Я опускаю руку между нами и раздвигаю ноги еще шире, позволяя ему его теснее прижаться ко мне. Последнее что мне нужно это увидеть панику на его лице, оттого как его узел растягивает меня. Я начинаю двигать пальцами на своем клиторе, усиливая наслаждение. Мои соки возобновляются с новой силой, позволяя Призраку еще глубже проникнуть в меня.
— Вот так… — шепчу я, направляя его, задавая темп, который могу выдержать. — Медленно…
Призрак следует мои инструкциям, углубляясь ужасно медленно. Сначала чувствую давлении и боль, а затем все резко уходит...
В одно мгновение между нами происходит то, чего я ждала, — шаг, окончательно скрепляющий нашу связь.
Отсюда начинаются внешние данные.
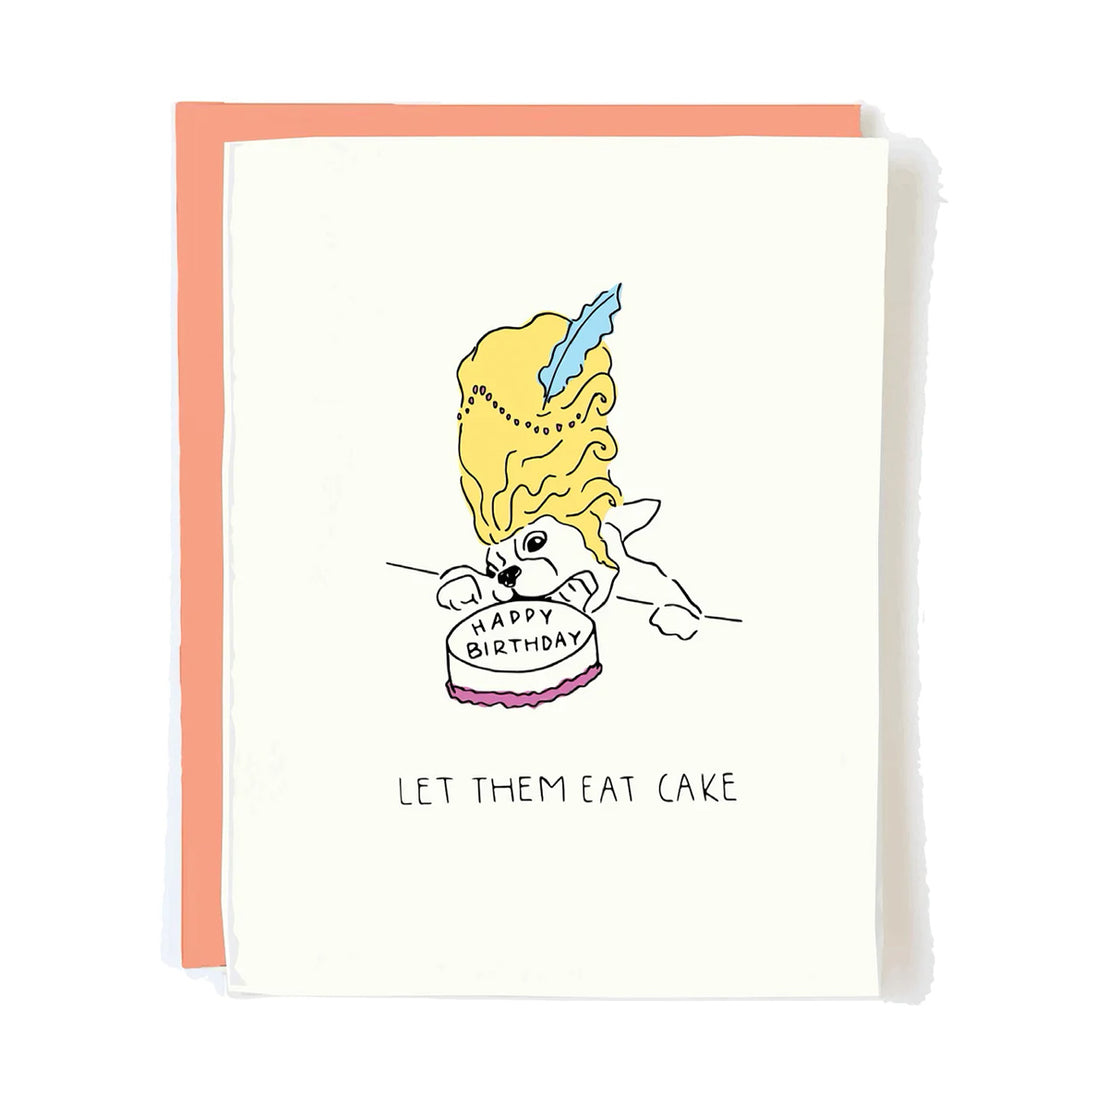 Let Them Eat Cake Frenchie, Pop + Paper

Это ощущается мощно, стремительно и одновременно почти невыносимо по силе — смесь напряжения, страха, восторга и такой глубины, что она перехватывает дыхание.
Призрак замирает надо мной, мышцы у него дрожат от невероятного усилия сдержаться. Инстинкты будто рвут его изнутри, требуя продолжить, но страх причинить мне боль удерживает его на грани.
— Ты… так хорошо чувствуешься, — шепчу я, глядя ему в глаза. В моём голосе — искренность, восхищение, принятие. — Так идеально.
И эта простая фраза ломает что-то в его взгляде — остатки сомнений, последних страхов. Его узел внутри меня удерживает нас вместе, но он медленно продолжает двигаться внутри. Я чувствую как его горячий член все больше погружается в меня, находя идеальную точку.
С каждым его движением напряжение внутри меня нарастает. Мы связаны так глубоко — физически, эмоционально, инстинктивно — что в какой-то момент я едва понимаю, где заканчиваюсь я и начинается он.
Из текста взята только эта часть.